# Work to complete
Return each line of the material below exactly. Begin at the first and end on the line with "Ridgeway 51mm Polarized".

=== Begin Enclosure ===

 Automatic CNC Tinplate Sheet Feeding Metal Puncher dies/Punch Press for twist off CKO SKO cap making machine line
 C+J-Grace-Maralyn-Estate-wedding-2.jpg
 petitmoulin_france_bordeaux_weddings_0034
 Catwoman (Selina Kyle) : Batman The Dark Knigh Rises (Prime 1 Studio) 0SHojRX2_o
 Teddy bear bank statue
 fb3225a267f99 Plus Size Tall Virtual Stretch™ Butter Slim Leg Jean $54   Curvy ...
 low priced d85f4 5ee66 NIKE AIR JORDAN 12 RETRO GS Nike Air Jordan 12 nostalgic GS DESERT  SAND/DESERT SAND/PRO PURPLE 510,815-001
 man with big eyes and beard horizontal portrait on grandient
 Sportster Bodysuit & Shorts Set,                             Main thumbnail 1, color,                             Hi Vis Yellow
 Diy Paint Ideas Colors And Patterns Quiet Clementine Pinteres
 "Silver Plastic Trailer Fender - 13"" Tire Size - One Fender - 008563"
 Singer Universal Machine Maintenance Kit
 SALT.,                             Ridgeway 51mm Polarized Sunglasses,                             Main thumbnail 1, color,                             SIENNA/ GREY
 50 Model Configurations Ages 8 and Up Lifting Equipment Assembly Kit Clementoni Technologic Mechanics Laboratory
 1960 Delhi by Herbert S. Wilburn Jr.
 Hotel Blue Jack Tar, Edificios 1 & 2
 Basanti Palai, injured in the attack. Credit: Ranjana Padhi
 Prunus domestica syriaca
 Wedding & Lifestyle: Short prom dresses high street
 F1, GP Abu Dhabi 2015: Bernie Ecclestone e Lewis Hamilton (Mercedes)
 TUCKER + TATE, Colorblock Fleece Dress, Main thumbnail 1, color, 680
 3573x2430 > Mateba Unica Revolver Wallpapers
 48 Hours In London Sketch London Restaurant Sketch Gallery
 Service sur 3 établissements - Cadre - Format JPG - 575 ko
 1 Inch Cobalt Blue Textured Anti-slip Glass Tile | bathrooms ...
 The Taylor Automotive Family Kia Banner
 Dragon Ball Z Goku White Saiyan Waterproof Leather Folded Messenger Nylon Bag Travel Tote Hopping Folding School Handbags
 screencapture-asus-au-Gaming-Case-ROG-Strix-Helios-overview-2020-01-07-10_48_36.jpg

=== End Enclosure ===

# Worked solution
 Automatic CNC Tinplate Sheet Feeding Metal Puncher dies/Punch Press for twist off CKO SKO cap making machine line
 C+J-Grace-Maralyn-Estate-wedding-2.jpg
 petitmoulin_france_bordeaux_weddings_0034
 Catwoman (Selina Kyle) : Batman The Dark Knigh Rises (Prime 1 Studio) 0SHojRX2_o
 Teddy bear bank statue
 fb3225a267f99 Plus Size Tall Virtual Stretch™ Butter Slim Leg Jean $54   Curvy ...
 low priced d85f4 5ee66 NIKE AIR JORDAN 12 RETRO GS Nike Air Jordan 12 nostalgic GS DESERT  SAND/DESERT SAND/PRO PURPLE 510,815-001
 man with big eyes and beard horizontal portrait on grandient
 Sportster Bodysuit & Shorts Set,                             Main thumbnail 1, color,                             Hi Vis Yellow
 Diy Paint Ideas Colors And Patterns Quiet Clementine Pinteres
 "Silver Plastic Trailer Fender - 13"" Tire Size - One Fender - 008563"
 Singer Universal Machine Maintenance Kit
 SALT.,                             Ridgeway 51mm Polarized Sunglasses,                             Main thumbnail 1, color,                             SIENNA/ GREY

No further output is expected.